II. First, Do No Harm
Even if it were true that the Supreme Court is taking too few of the cases it should be taking, the solutions that are being urged by reformers would do more harm than good. Some critics have called for radical changes to the mechanism of Supreme Court review, proposing the creation of a separate body to select the Supreme Court’s docket for it. This “Certiorari Division” would be composed of circuit court judges and would be required to select at least eighty cases each term that the Supreme Court would be obliged to decide. Others have proposed expanding the Court’s docket by increasing the Court’s membership, using three-Justice panels to decide cases, and shortening the Justices’ summer vacations. These are all bad ideas.
First, the one result they can be counted upon to produce is more litigation, with all its attendant evils. Encouraging more Supreme Court litigation will undermine the interest of litigants in finality and the interest of the public in certainty, particularly if the Supreme Court is broken up into panels. An expanded docket will create incentives to file more certiorari petitions and amicus briefs—costing clients more money. Lawyers may like that, but it is hardly good for litigants or the public. More certiorari petitions also drain Supreme Court resources, compromising the Court’s ability to give full consideration to each individual case it hears.
Expanding the Court’s docket would exacerbate the Court’s already-existing scheduling difficulties. The most difficult and significant cases will continue to be pushed back to the end of the term, no matter how long or how short the Justices’ vacations are, and an expanded docket will subject more cases to end-of-term frenzy. More hurried decisionmaking is in no one’s interest. Even on the bedrock matter of clarity, a fractured Court or unclear opinion may leave the law murkier than it was before. And, of course, the passive virtues celebrated by Bickel have no place in the stampede to decision envisioned by reformers.
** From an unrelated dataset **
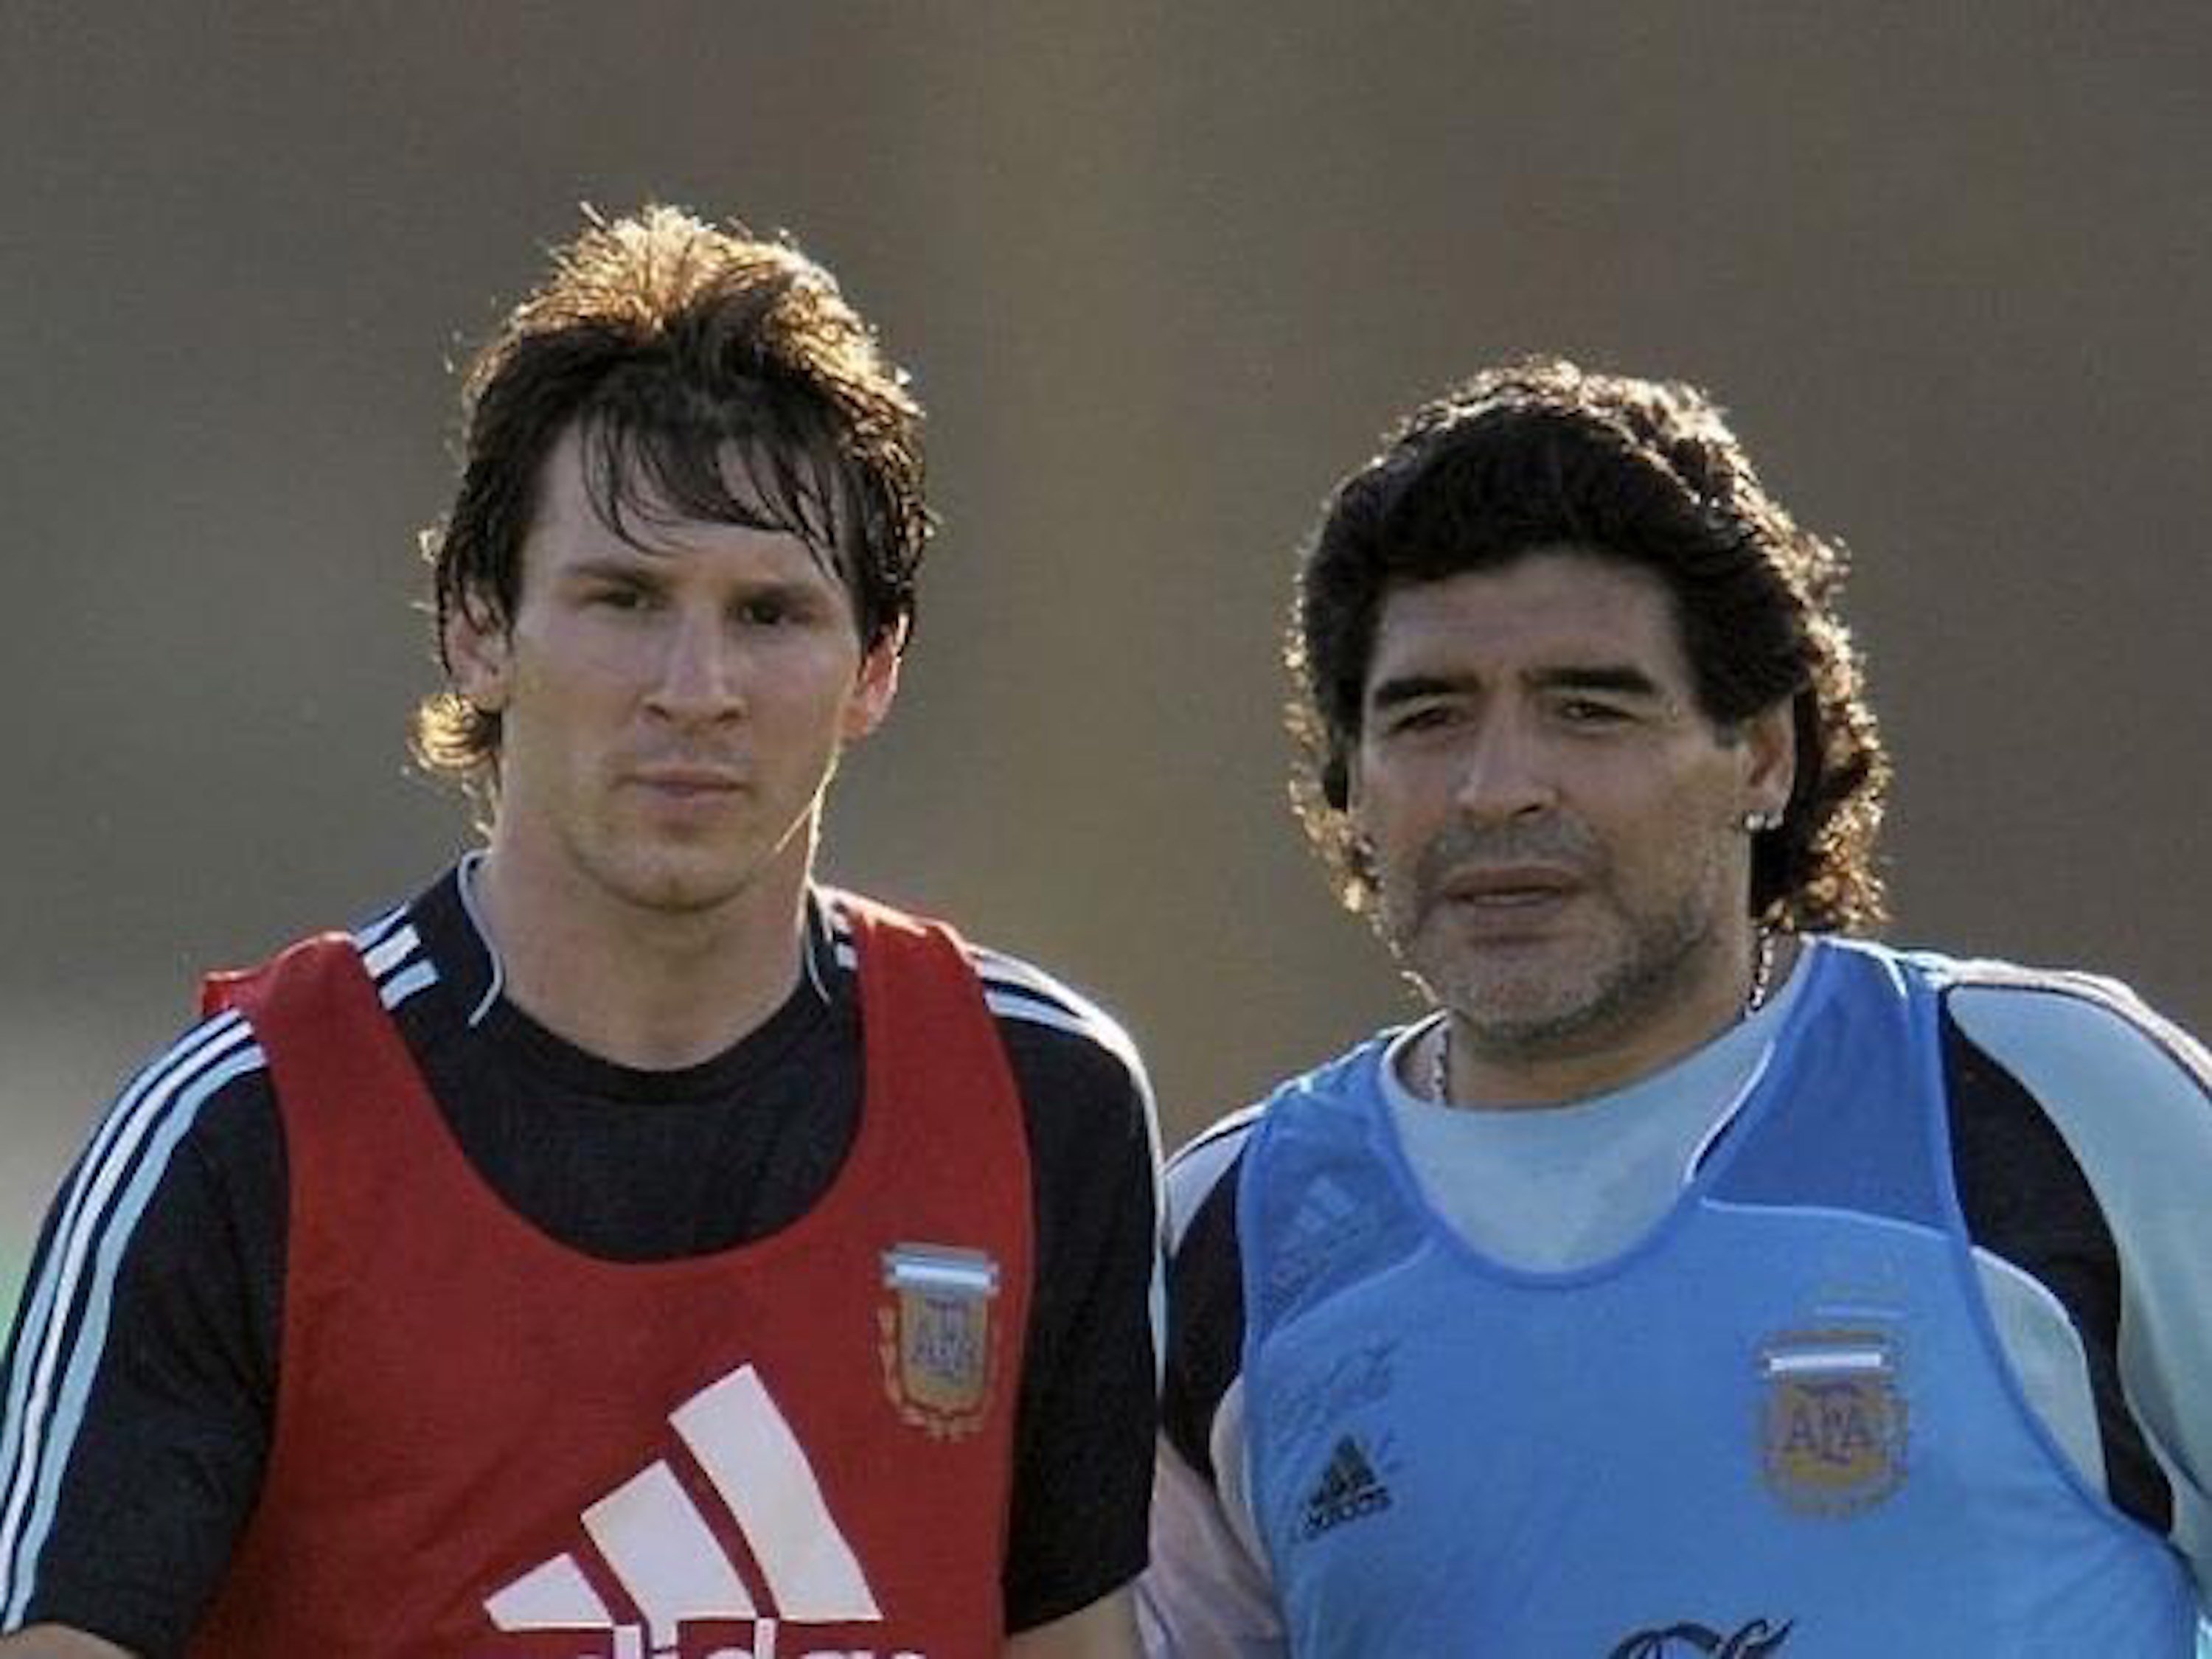 El missatge commovedor de Messi a Maradona després de l'operació

Second, such proposals would lead to further politicization of the judicial process. Appointments of circuit judges to the Certiorari Division, for example, would inevitably stoke the kind of overheated political agitation that already surrounds federal judicial operations. Furthermore, whatever benefit the Certiorari Division might have for the Supreme Court, it would have collateral costs for the courts of appeal. Circuit judges do not have time to pore over hundreds of certiorari petitions, and removing them from their normal caseloads for certiorari duty would leave fewer circuit judges available for their primary job of actually deciding cases. Moreover, the speculation that would surely arise over the judges’ potential motivations in granting or denying review would distract them from their circuit court duties. For one thing, court of appeals judges would be reviewing the work of their peers and friends, and that difficulty cannot be entirely resolved by removing judges from the review of cases in their home circuits.
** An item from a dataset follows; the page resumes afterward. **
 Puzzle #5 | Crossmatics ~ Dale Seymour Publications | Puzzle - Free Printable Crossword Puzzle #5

A bit of history may be helpful here. Several decades back, many esteemed legal commentators floated the idea of creating a National Court of Appeals between the circuits and the Supreme Court to resolve circuit conflicts and to relieve the Supreme Court of some of the burden of its work. The idea captivated many in theory, but such practical problems as selecting judges to staff the court and delineating its jurisdiction were so numerous that I can hardly begin to scratch the surface. Because certiorari would still lie from the National Court of Appeals to the Supreme Court, the new court threatened to postpone the day of finality for everyone and to turn federal litigation into a parody of Jarndyce v. Jarndyce. So the National Court died the merciful death that every white elephant deserves. The Certiorari Division is but a muted variant of the old idea of overlayering judicial systems, and it should be rejected by those opposed to bloat in judiciaries as well as bureaucracies.
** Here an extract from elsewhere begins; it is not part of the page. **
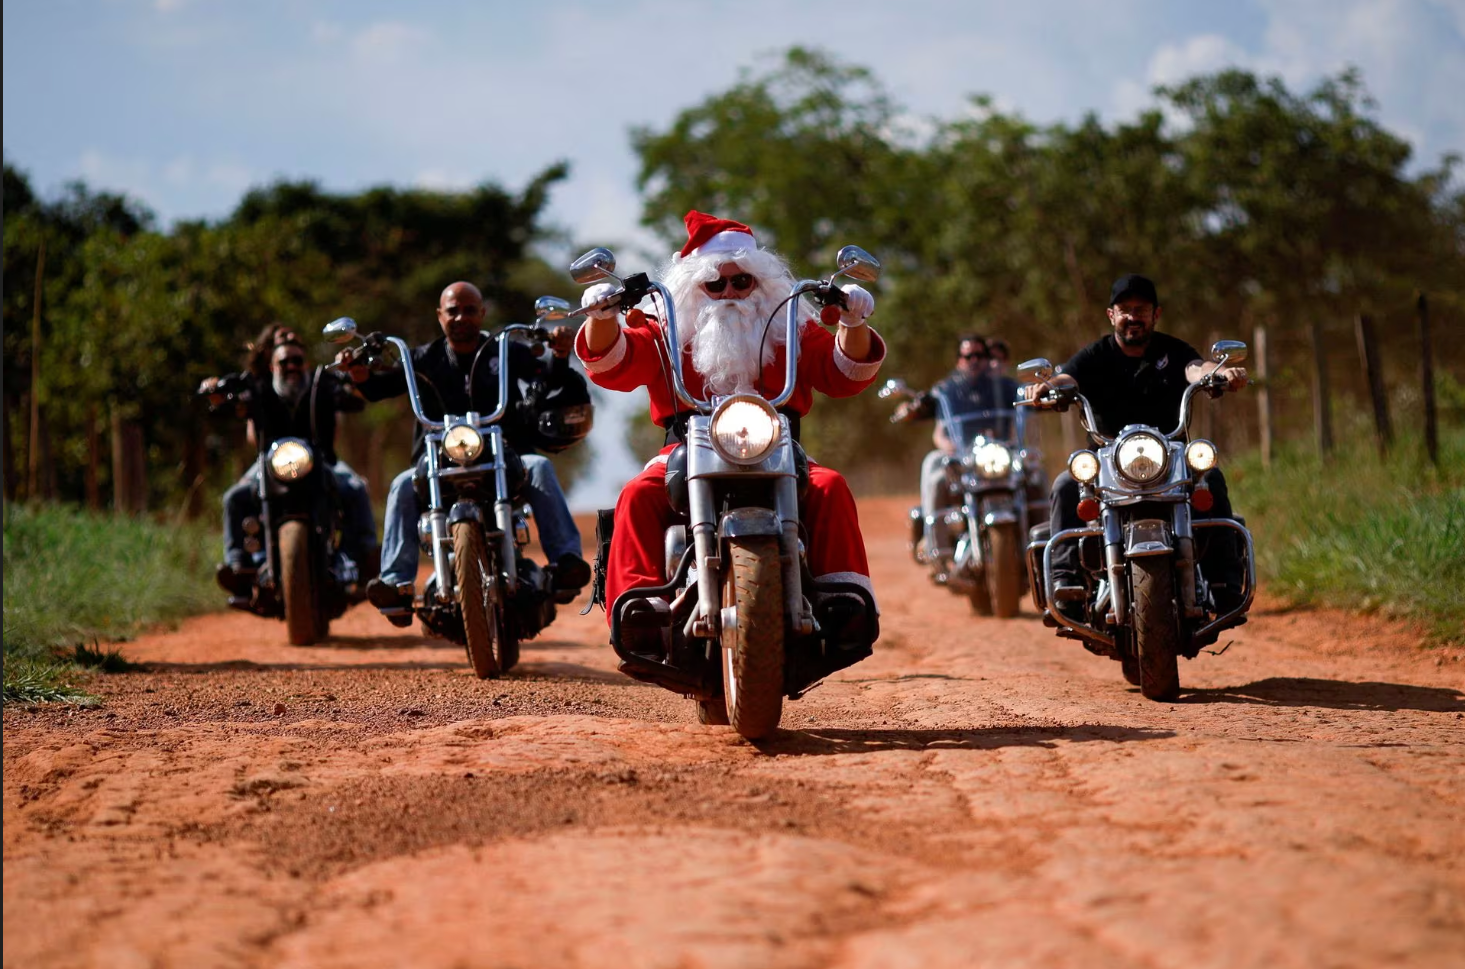 Ông Helton Garcia hóa thân thành ông già Noel và lái mô tô đi trao quà cho trẻ em tại một trường học ở vùng nông thôn Santo Antonio do Descoberto, bang Goias (Brazil) vào ngày 10-12 - Ảnh: REUTERS

History sheds a different sort of light upon the practice of the certiorari pool. I recognize that, even with Justice Stevens and now Justice Alito outside the pool, it is still decried as placing too much responsibility in the hands of the law clerk preparing the pool memorandum. The time was, however, when the certiorari pool was hailed as a salutary innovation. Even the reduced number of petitions in the late ‘60s and early ‘70s threatened to burden the Justices substantially and to reduce the attention they could give to petitions and argued cases. The idea of the pool was to assure that most petitions had at least one hard look and that the Justices could supplement with their own internal study any cases about which they had a question. That basic concept still seems to me a sound one, and those who advocate doing away with something, such as the pool, would do well to remember the serious problem that led to its birth.
|Finally, and perhaps most importantly, tampering with the structure and operations of the Court is nothing less than playing with constitutional fire. While Congress undoubtedly has the power to regulate many aspects of the Court’s operations, the controversy over Franklin Roosevelt’s court-packing scheme showed that the power must be used sparingly and claims of benevolent reform should be viewed with deep suspicion. Congressional reform of Supreme Court structure sets a dangerous precedent that can be used to undermine judicial independence and the separation of powers in the future. Establishing a separate Certiorari Division, expanding the Court’s membership, limiting the Justices’ terms, or breaking the Court up into three-Justice panels can serve as a divide-and-conquer strategy for dealing with a coequal branch of government, a strategy whose transparently partisan nature will not be diminished by being draped in the mantle of “reform.” The Constitution, after all, vests the judicial power in “in one Supreme Court.” It is the legislative branch, not the judicial, that the Constitution breaks in two. And yet panels, Certiorari Divisions, and the like would do exactly that.|
The administration of justice is a complicated matter. In the absence of clear evidence that things have run amok, we should remember that the perfect is the decided enemy of the good. After all, if we cannot trust the Supreme Court’s judgment in deciding what to decide, how can we trust its judgment in deciding what it has decided to decide? At some point, the reformers are simply going to have to let the Court be the Court.
Perhaps it is well to take a step back. I do not underestimate for a moment the Supreme Court’s timeless role in protecting individual liberties and the equal dignity of all citizens. Yet, in my respectful judgment, the judicial hand has also overreached. The great challenge for the Supreme Court is to demonstrate that a tribunal imbued with such vast and final powers can likewise exhibit a basic modesty and respect for the people and their many and varied representative institutions. It is that fundamental respect for the ability of other public and private actors to do their assigned jobs that is needed, and the docket tinkering does nothing—absolutely nothing—to ensure it. The reforms will lead, if anything, to aggrandizement and away from the truth Brandeis and Bickel sought to teach.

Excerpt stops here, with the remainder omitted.